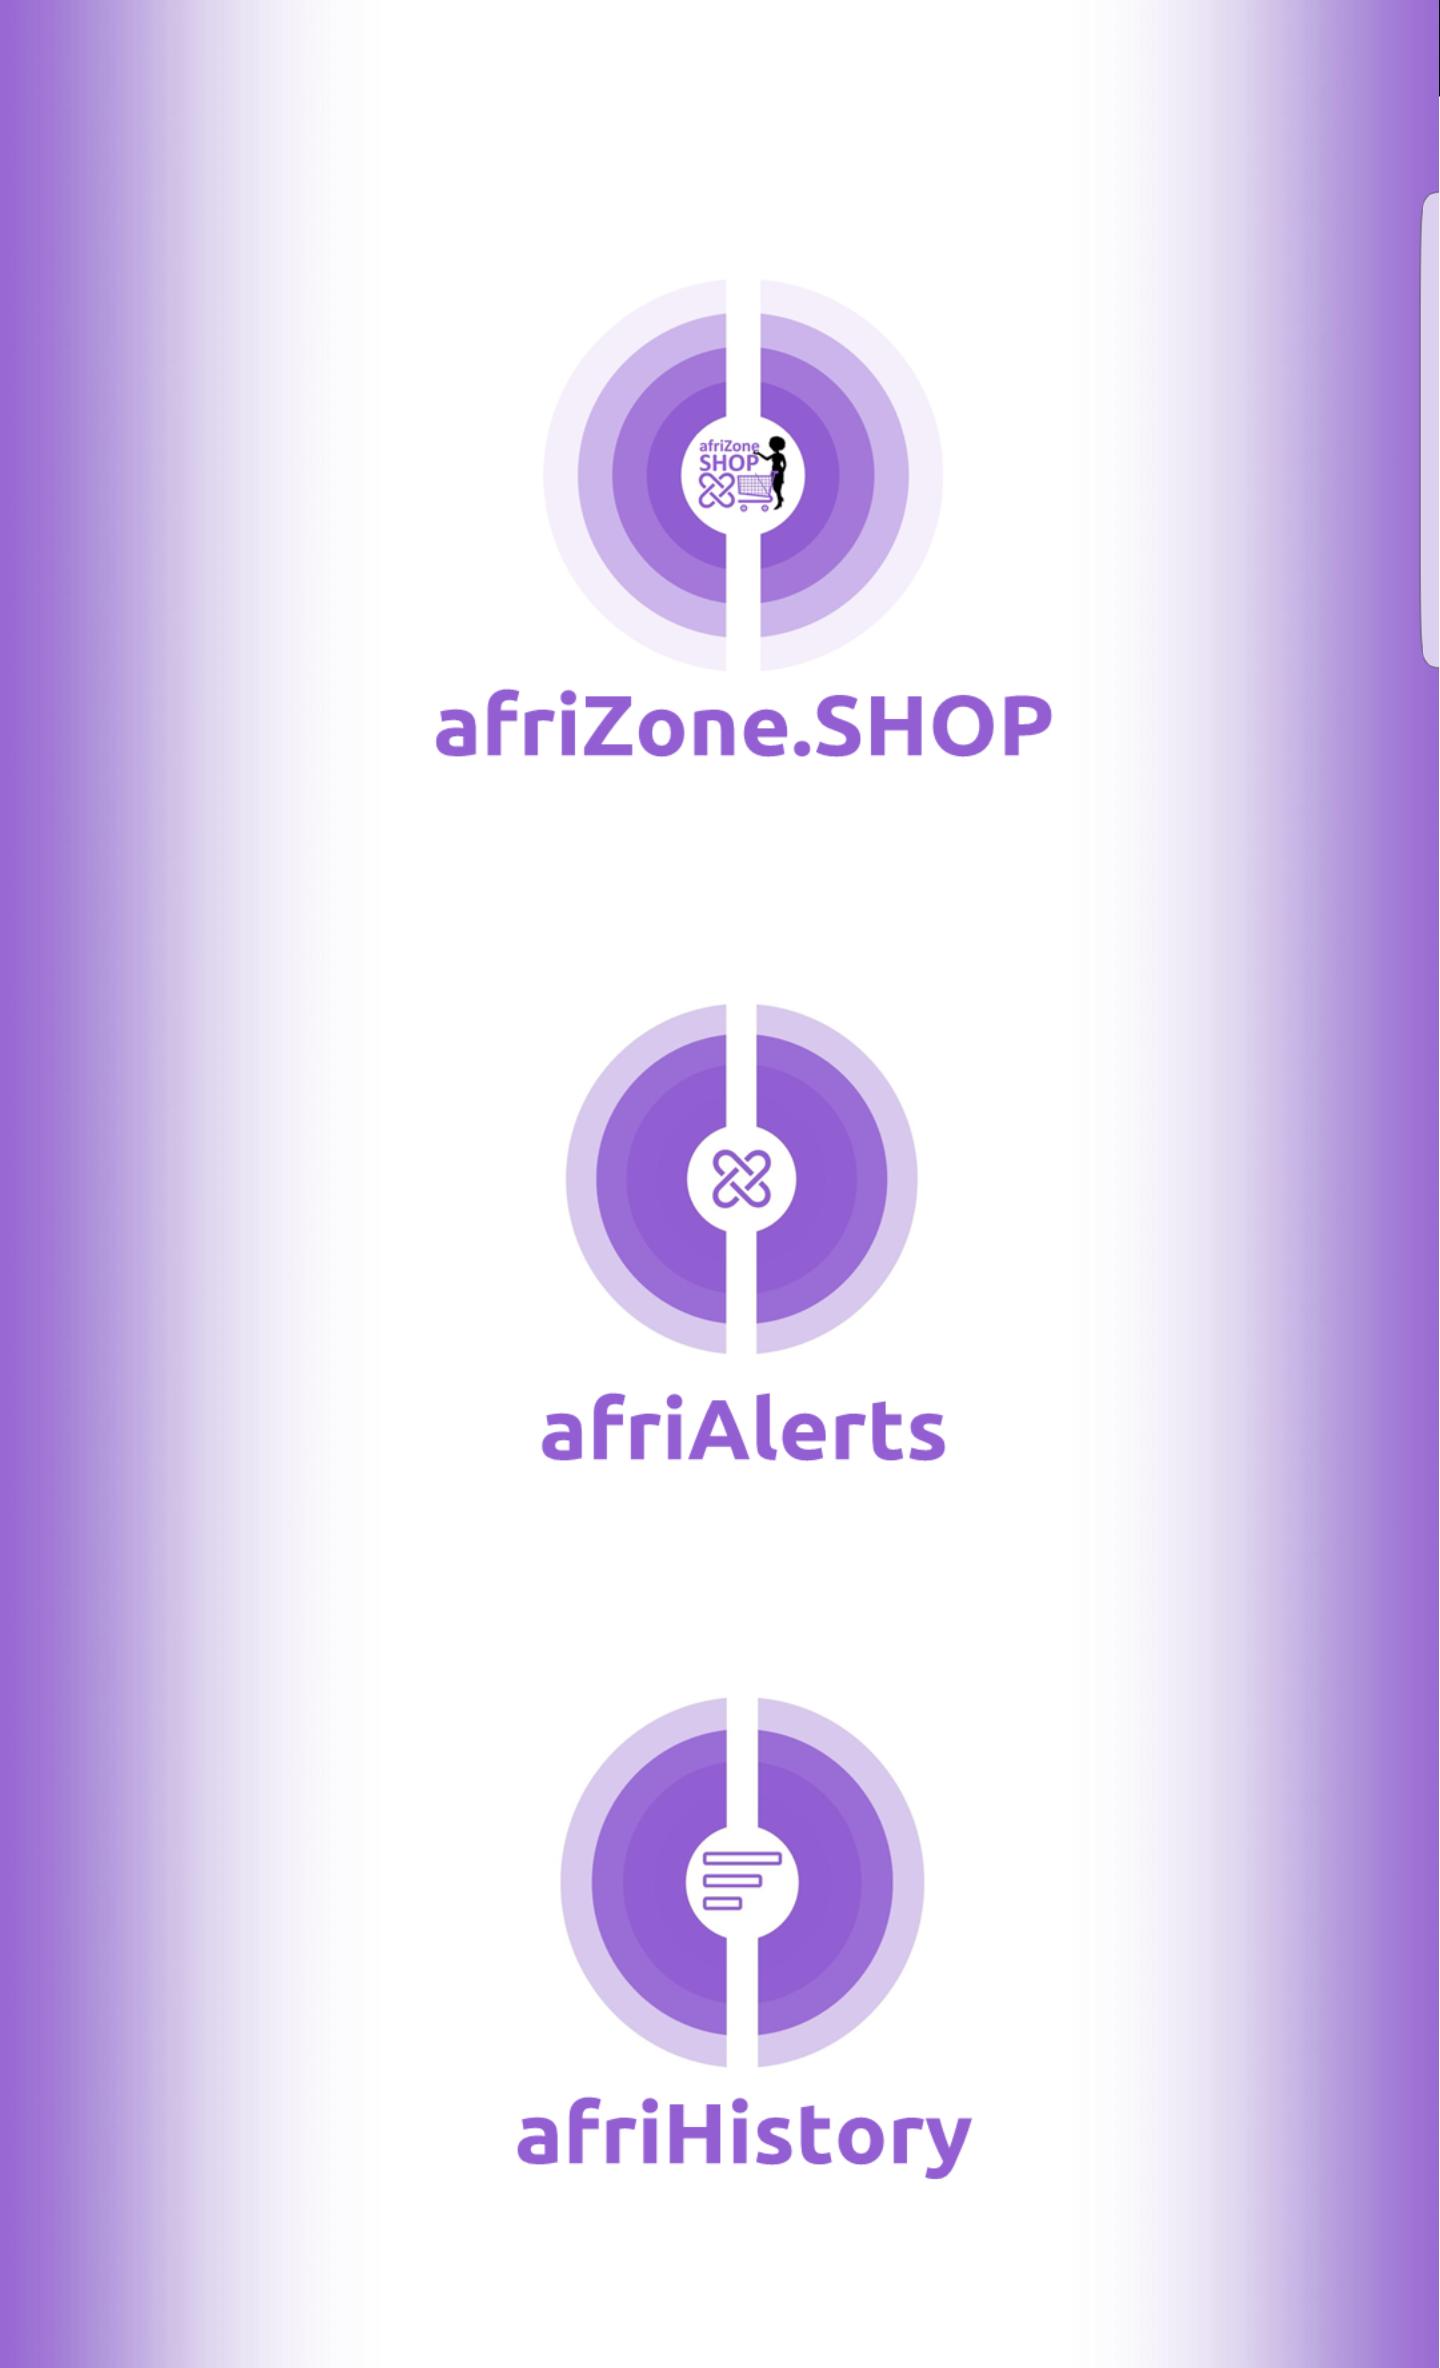 UmojApp Menu_afriZone.SHOP
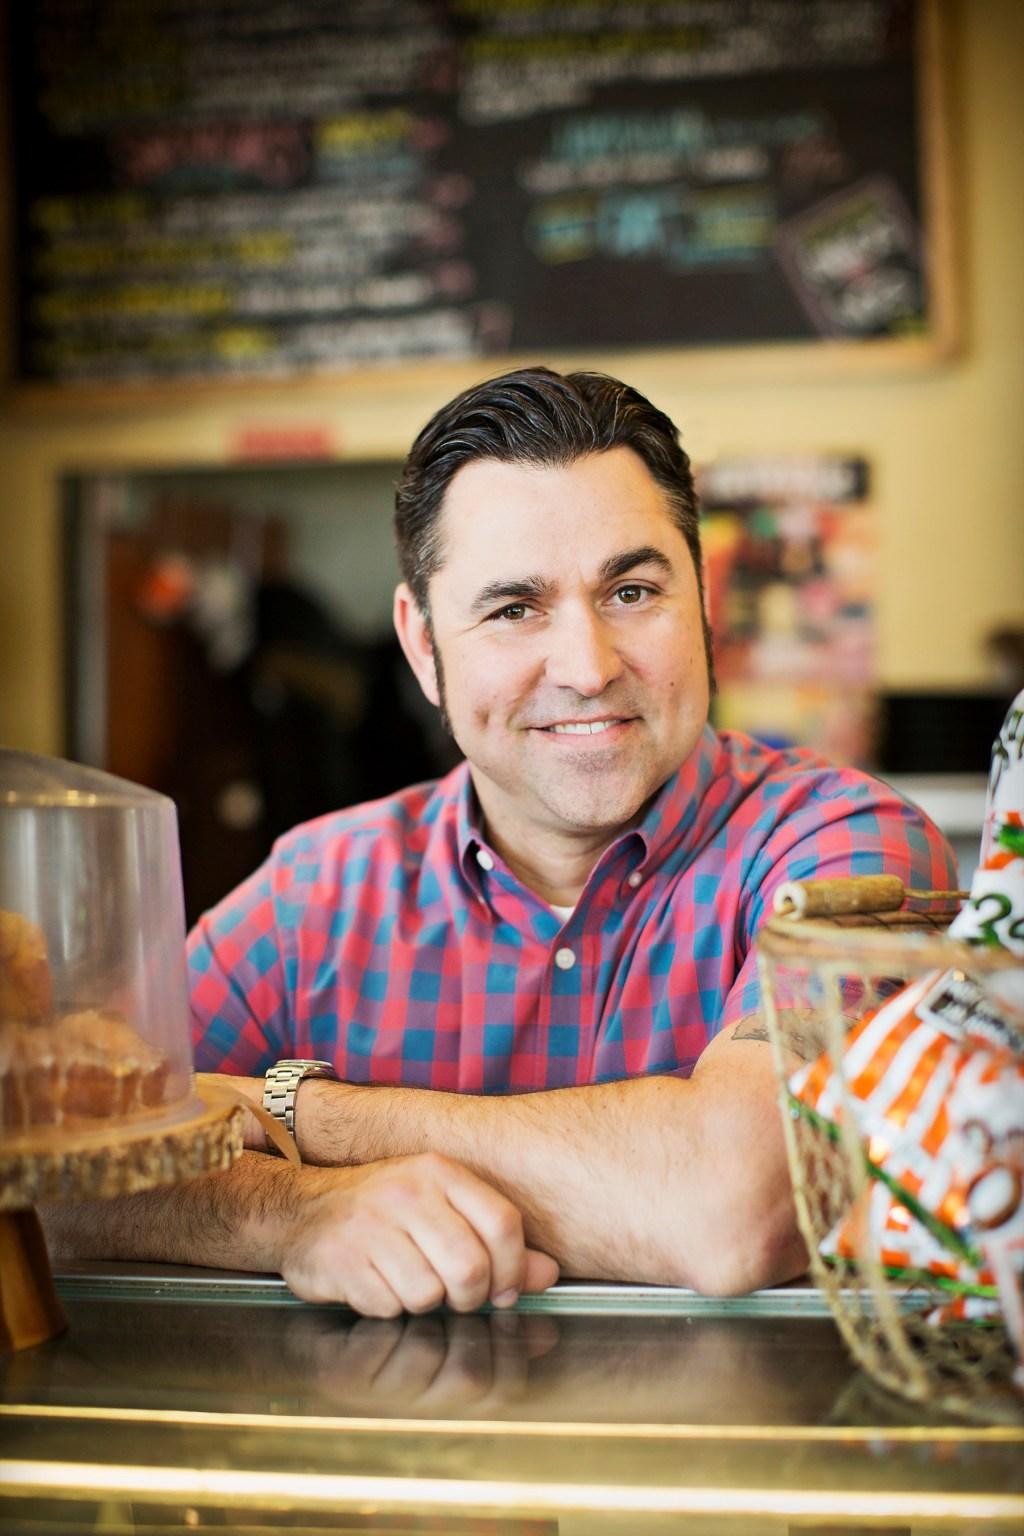 Bayou Bakery founder and Travel Channel host David Gaus. (Courtesy Scott Suchman)
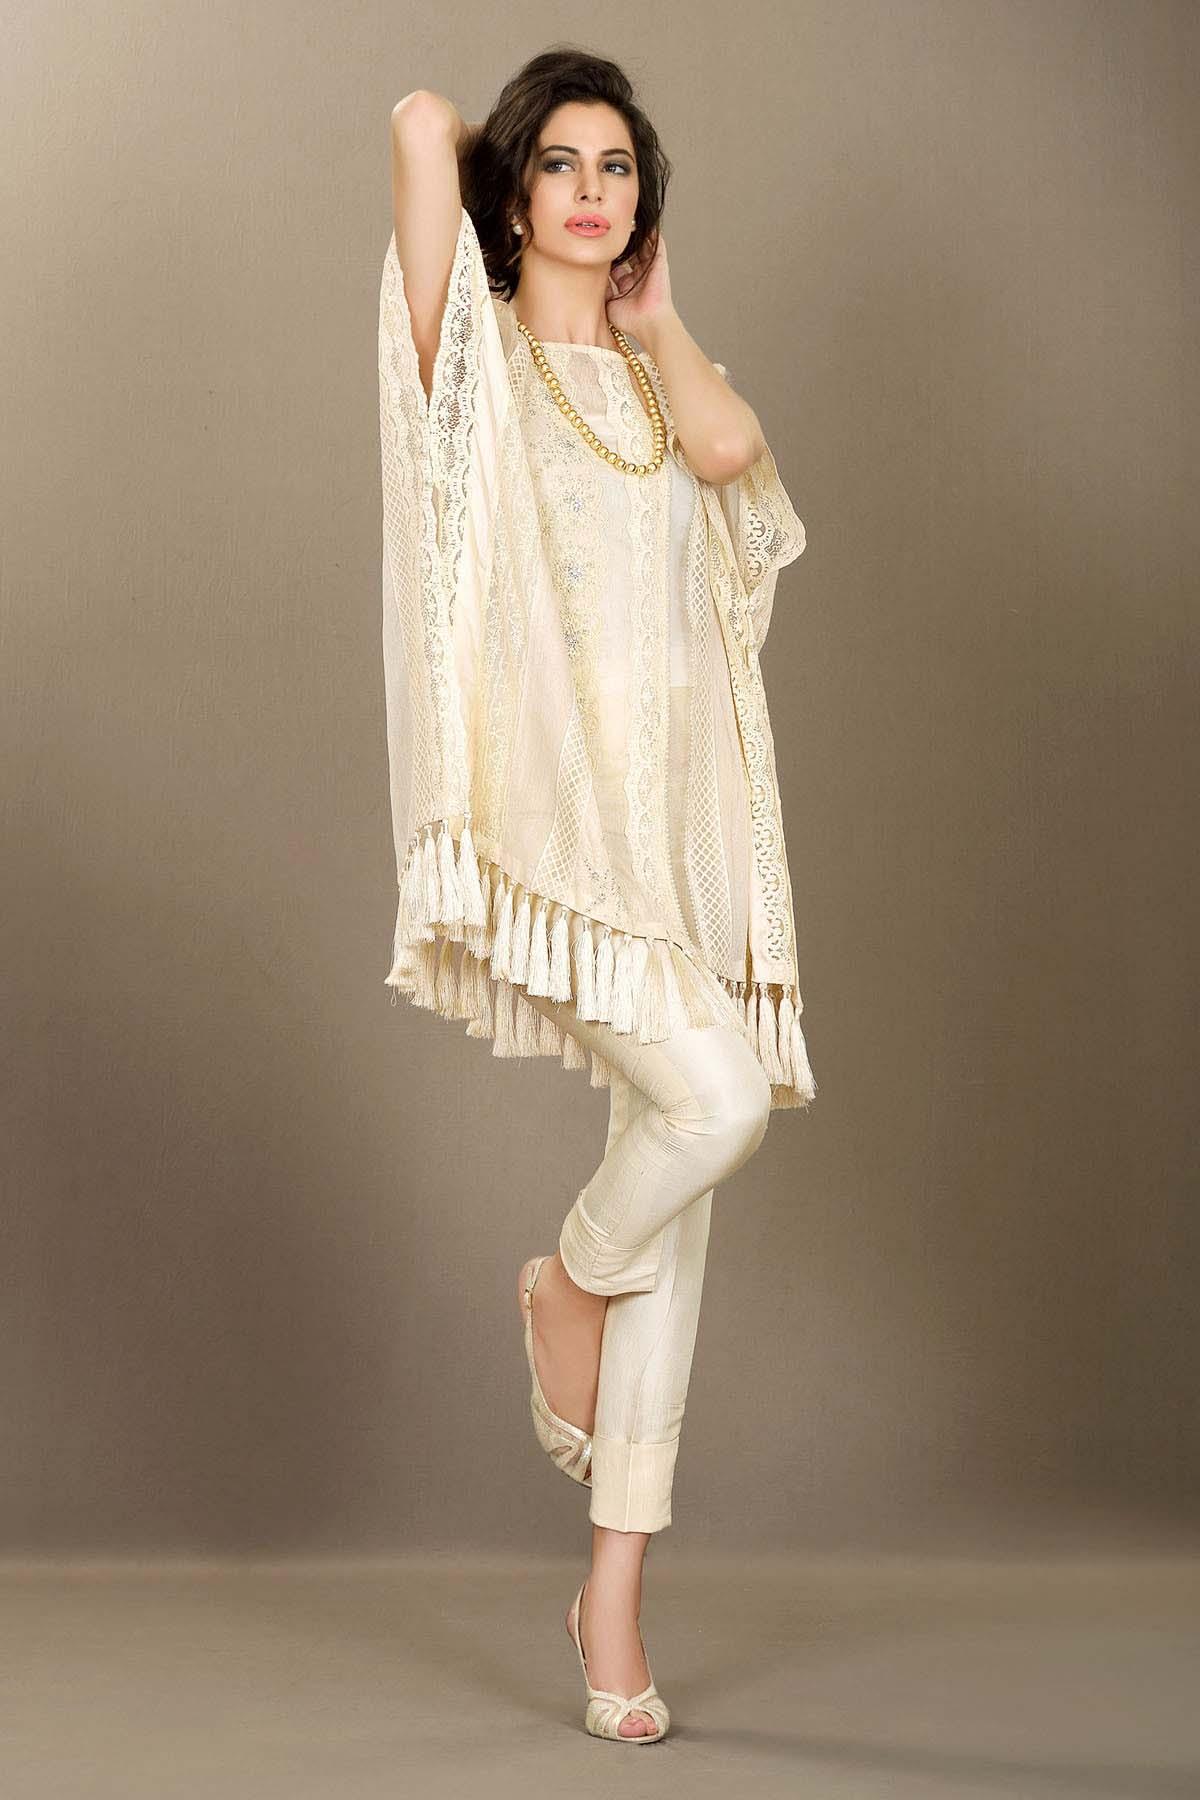 Modern dress of pakistan 2016 - Cape Style Dresses For Women By Pakistani Designers 2016 2017 1

....

Everything in the material above should be reproduced exactly, except the pictures.

**Exercise answer:**
 UmojApp Menu_afriZone.SHOP
 Bayou Bakery founder and Travel Channel host David Gaus. (Courtesy Scott Suchman)
 Modern dress of pakistan 2016 - Cape Style Dresses For Women By Pakistani Designers 2016 2017 1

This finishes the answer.